> **Extracted entries**:
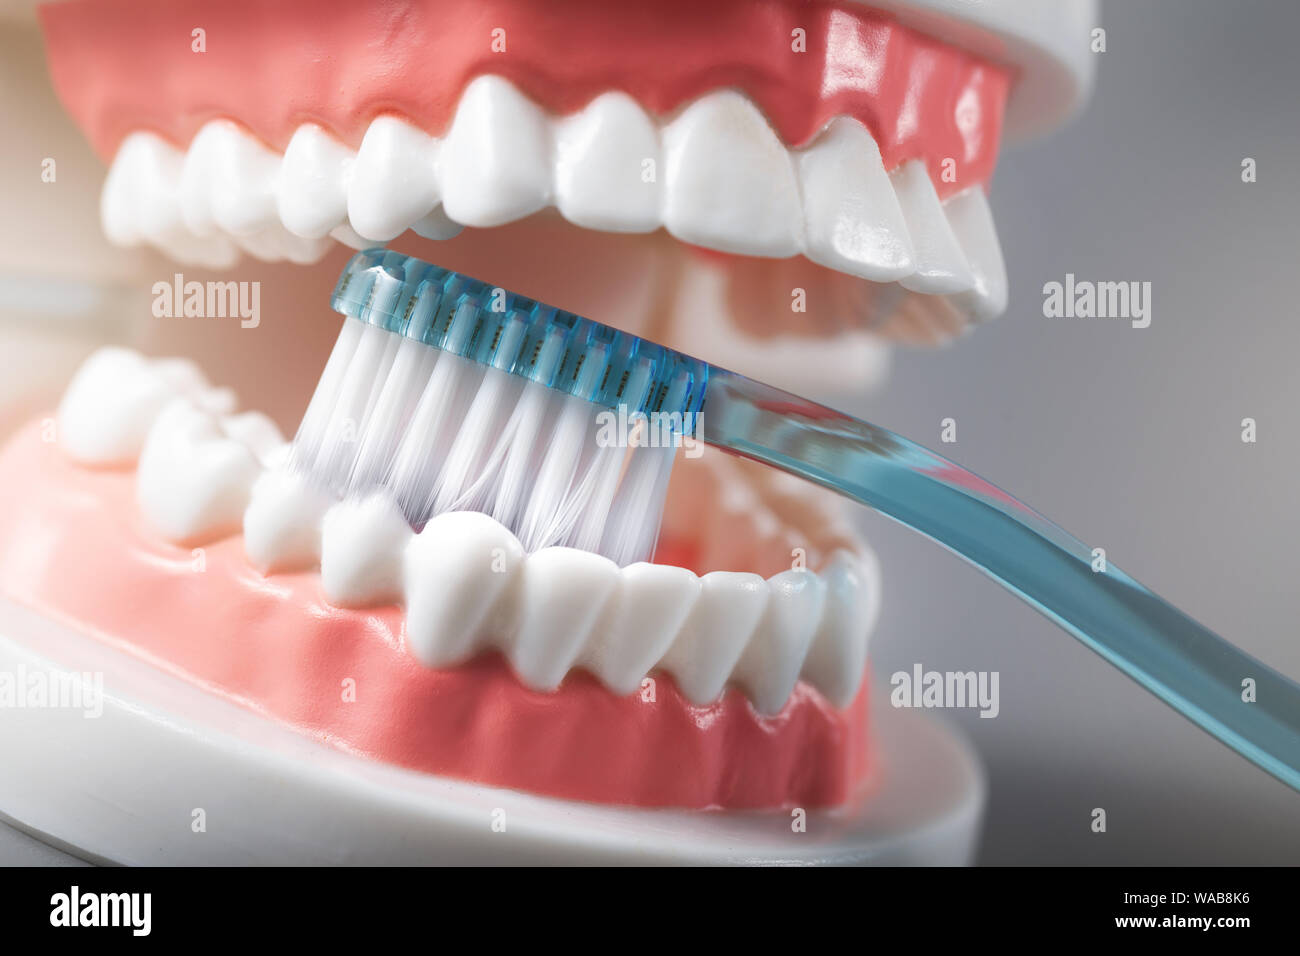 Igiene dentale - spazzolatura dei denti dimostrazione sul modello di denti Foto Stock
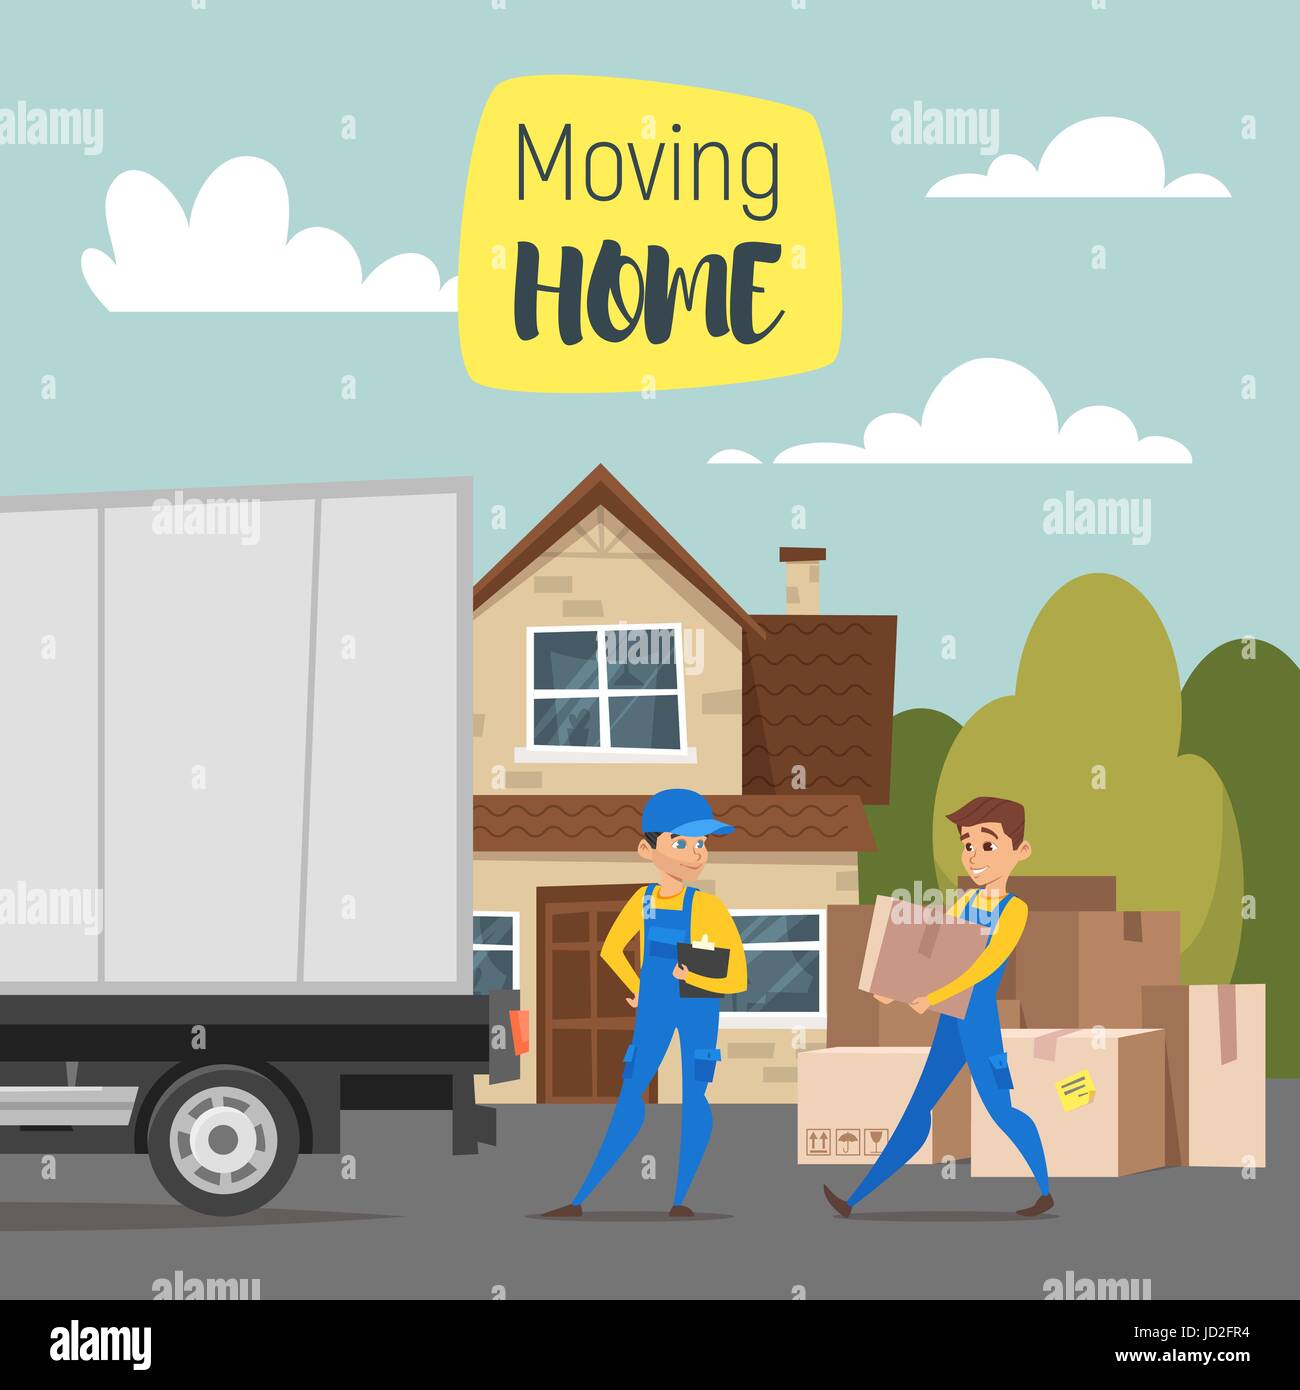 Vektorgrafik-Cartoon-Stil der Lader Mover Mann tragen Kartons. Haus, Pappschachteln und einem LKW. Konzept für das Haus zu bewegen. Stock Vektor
--
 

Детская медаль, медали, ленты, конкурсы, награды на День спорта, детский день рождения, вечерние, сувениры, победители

> **Task goal**: Once the line with "Igiene dentale - spazzolatura" is found above, print it and every line after it through the line with "Vektorgrafik-Cartoon-Stil der Lader", exactly. Pictures stay out.

> **Your response**:
 Igiene dentale - spazzolatura dei denti dimostrazione sul modello di denti Foto Stock
 Vektorgrafik-Cartoon-Stil der Lader Mover Mann tragen Kartons. Haus, Pappschachteln und einem LKW. Konzept für das Haus zu bewegen. Stock Vektor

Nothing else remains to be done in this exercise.